Masses of white flowers adorn these firethorn hedges in May-June. Teton Firethorn hedges are followed by abundant, bright-orange berries that persist from fall through late winter. The berries are bird-friendly, but the plants are a deterrent for deer and prowlers as the branches have many sharp thorns. Great for planting under windows or in areas where a hedge is desired for privacy or security. Firethorn Hedges are good to consider for flowering hedges. Flowers and berries are also wonderful in floral arrangements.

Teton Firethorn is evergreen and hardy in USDA zones 6-9.

Best flowering hedges to consider

HEDGES WITH UNIQUE FOLIAGE

Of course, hedging plants don’t have to flower to be unique and colorful. There are some other great options to add interest without flowers.

Purple Beech
Purple beech is a great flowering hedge

With stunning, dark foliage, Purple or Copper Beech is a real showstopper for Ornamental hedges! It is easy to create a dramatic landscape when using the dark and luxurious purple leaves of this beech type. Spring growth is brilliant red, darkening to a rich purple through the summer.
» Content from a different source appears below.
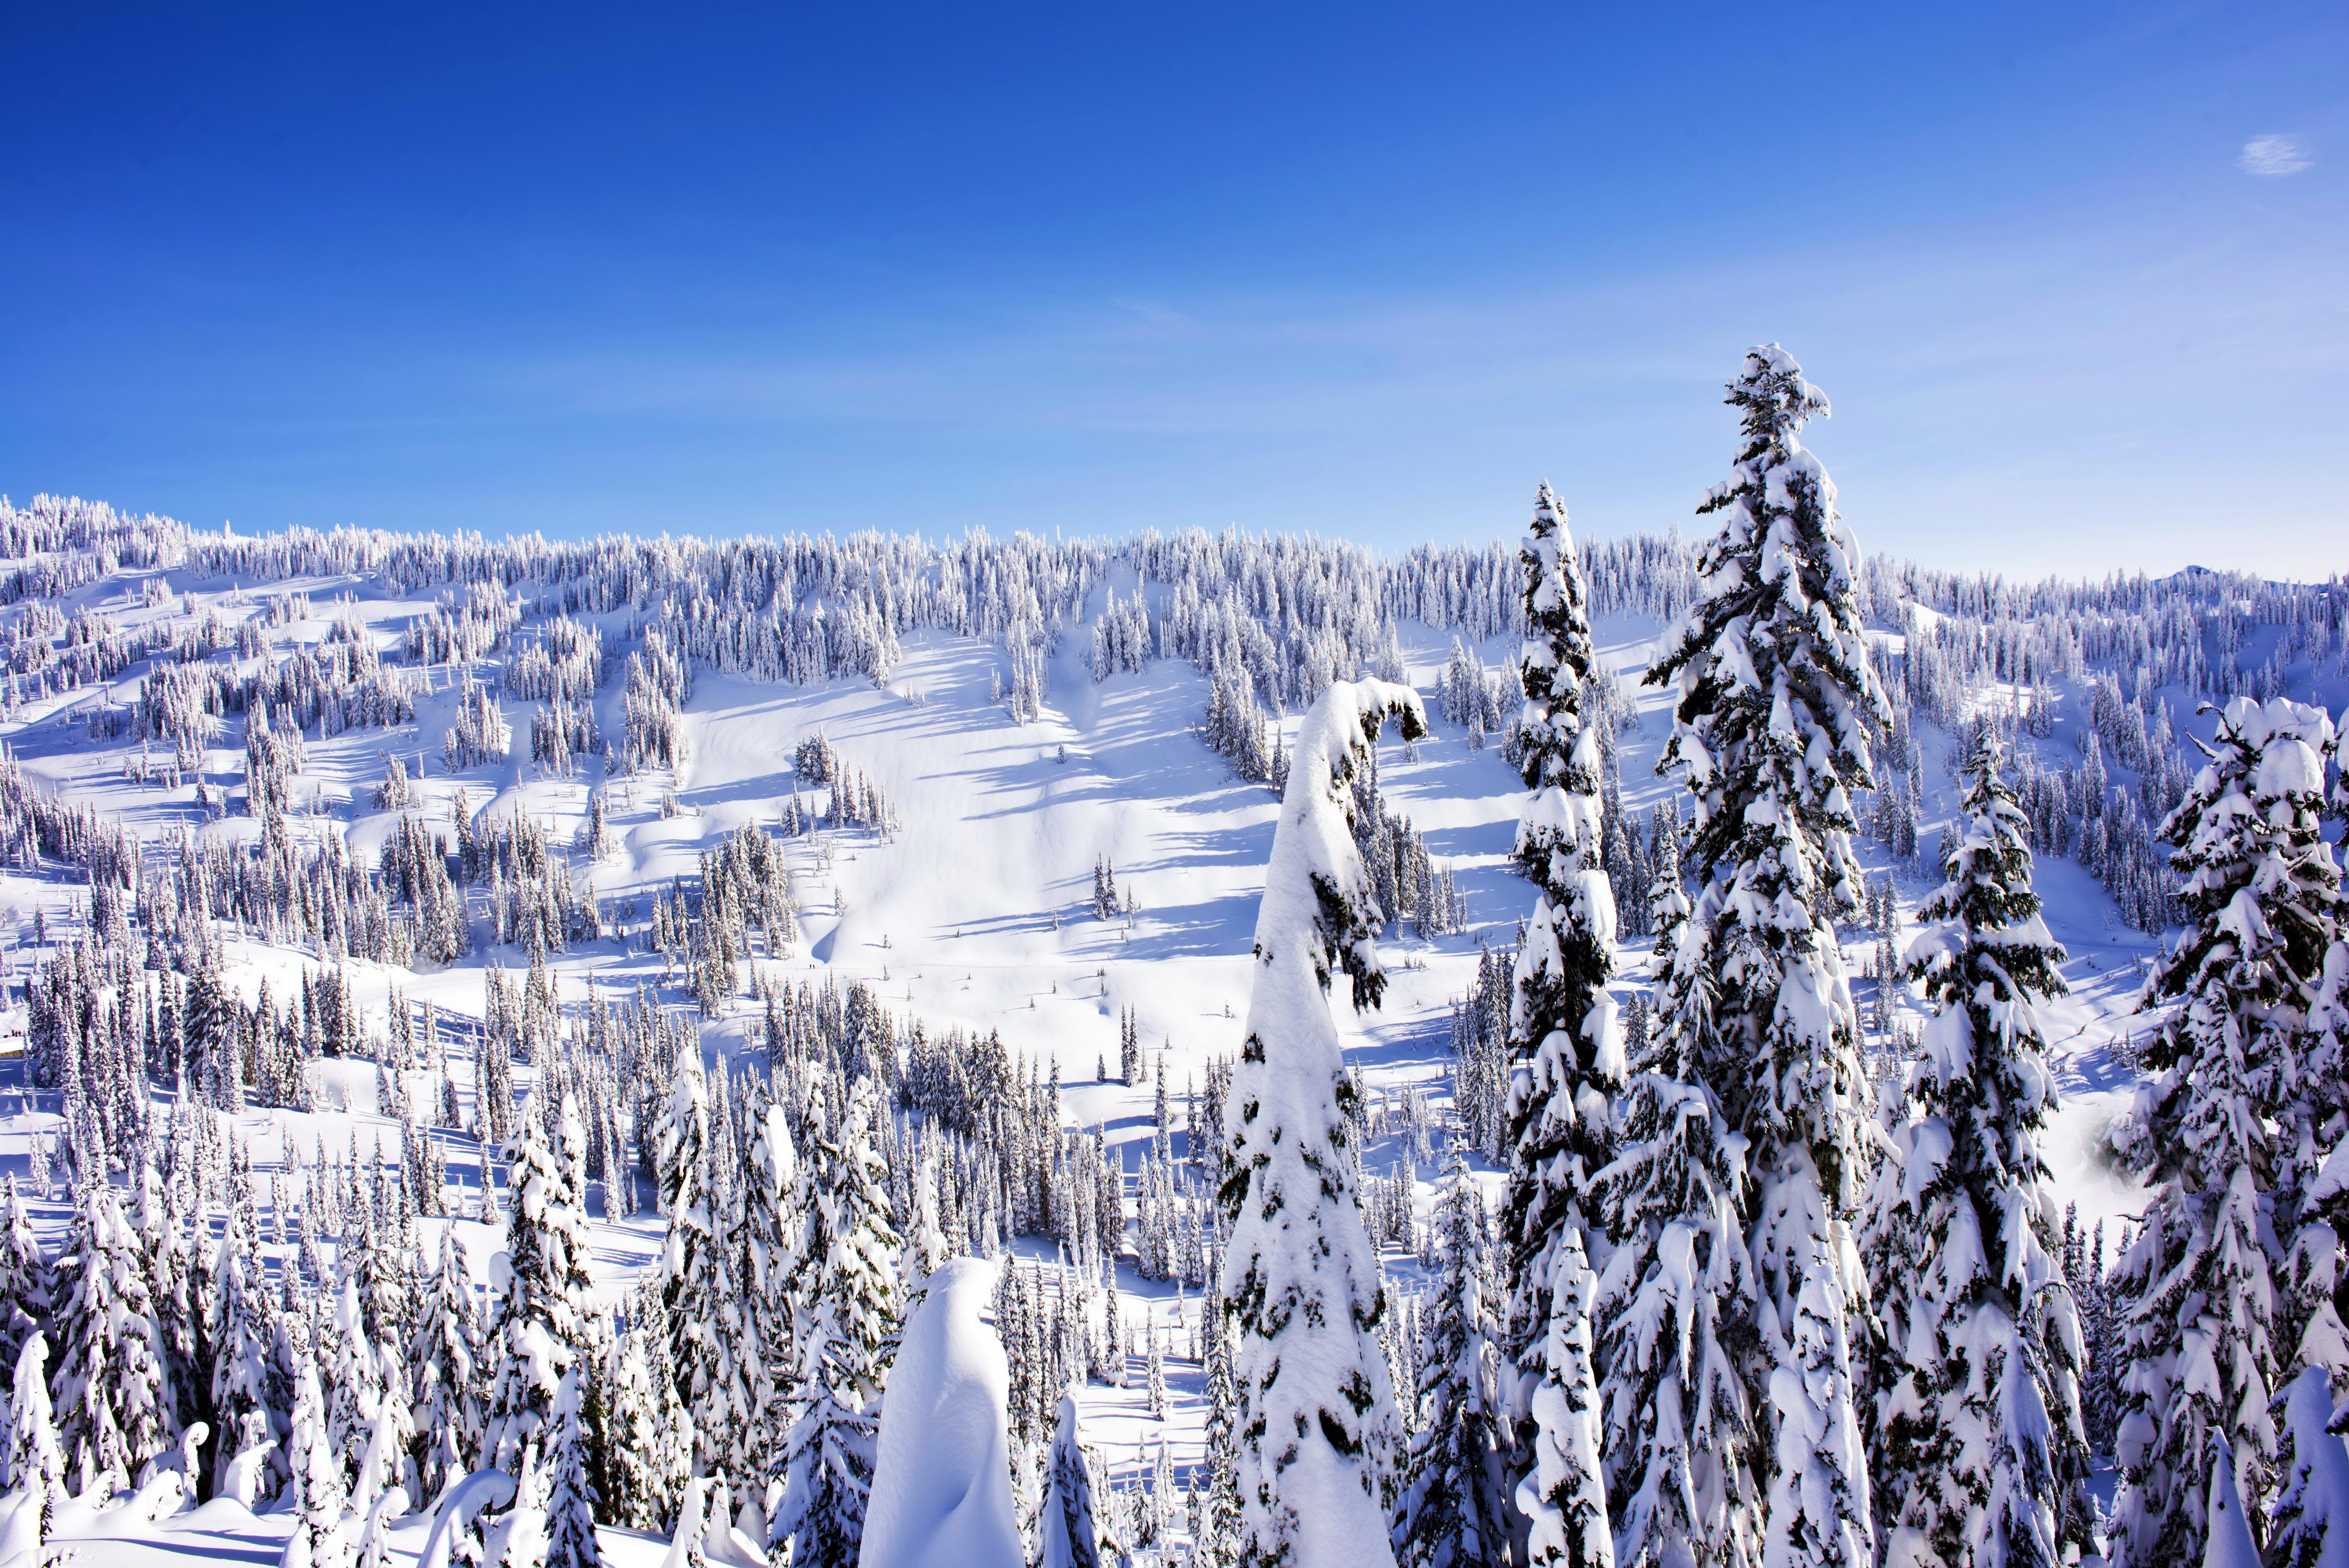 снег холмы snow hills  № 830904 загрузить
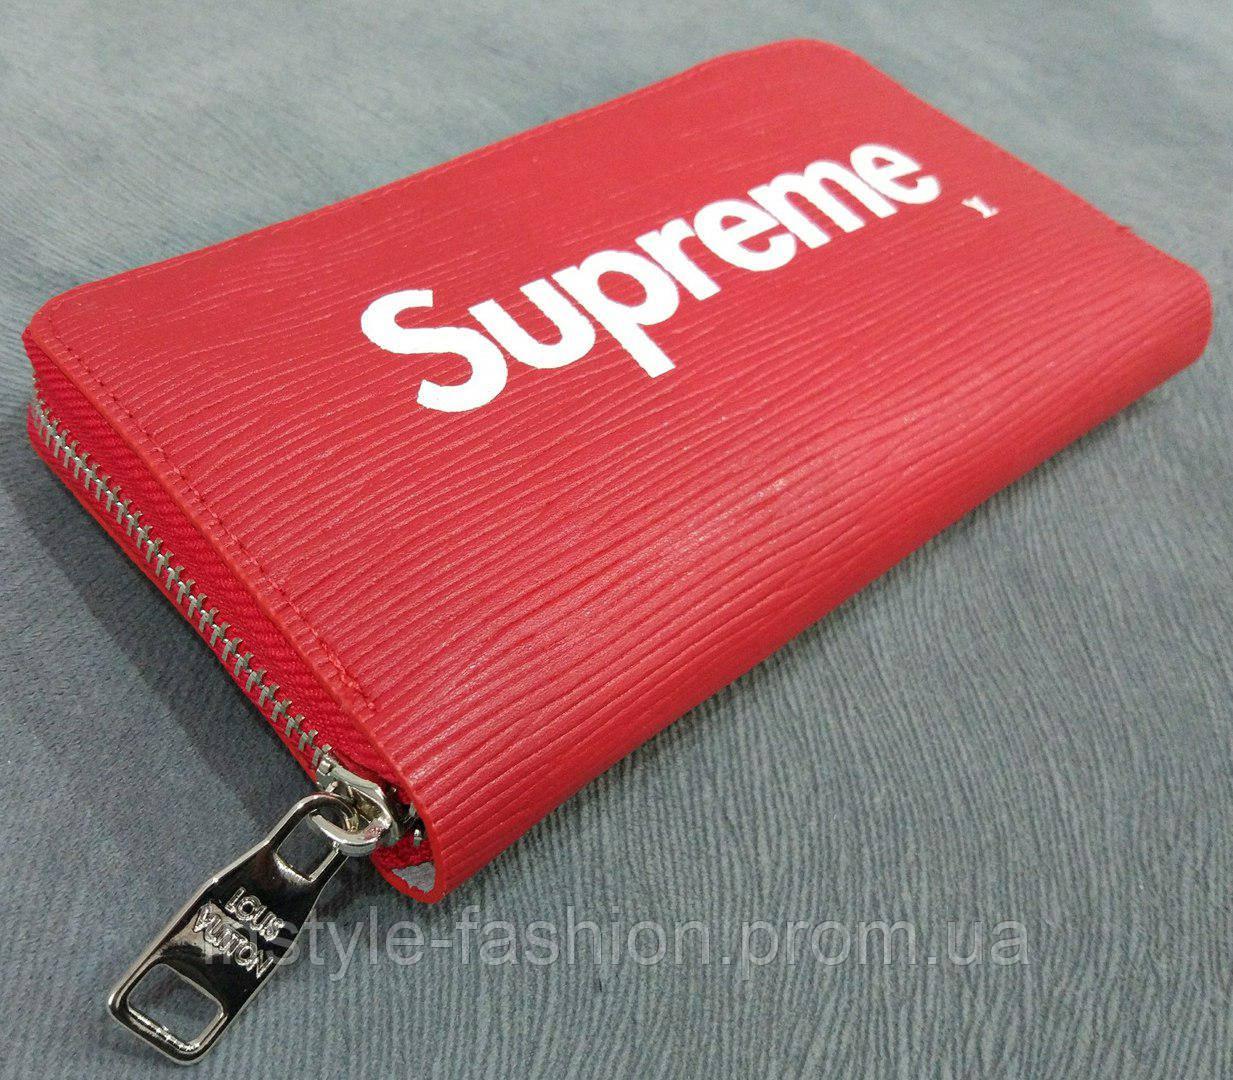 Кошелек женский Louis Vuitton Supreme эко-кожа красный - Сумки брендовые,  кошельки, очки bd39cbc5e7b

Purple Beech is deciduous and is hardy in USDA zones 5-8.

Bald Cypress
Best flowering hedges

Bald Cypress (Taxodium distichum) is an unusual conifer for several reasons. First, it is a deciduous conifer, which can seem like an oxymoron as most people tend to think of the words “conifer” and “evergreen” as being synonymous. There are actually several species of conifers that lose their needles in the winter, and Taxodium is one of them. The great thing about this is the seasonal color change. Springtime brings fresh, brilliant greens, followed by lush greens throughout the summer. Finally, the show really starts in fall as the copper/orange hues take over before the foliage drops for winter. The second thing that distinguishes Taxodium from typical conifers is its wonderful tolerance of wet conditions. Most plants suffer if planted in areas with consistent standing water, but not so with the Bald Cypress. It is native to the swamps and bayous of Louisiana, and does not suffer in the slightest in soggy areas. One of the best flowering hedges alternative to take into consideration.

Bald Cypress is deciduous and hardy in USDA zones 5-10.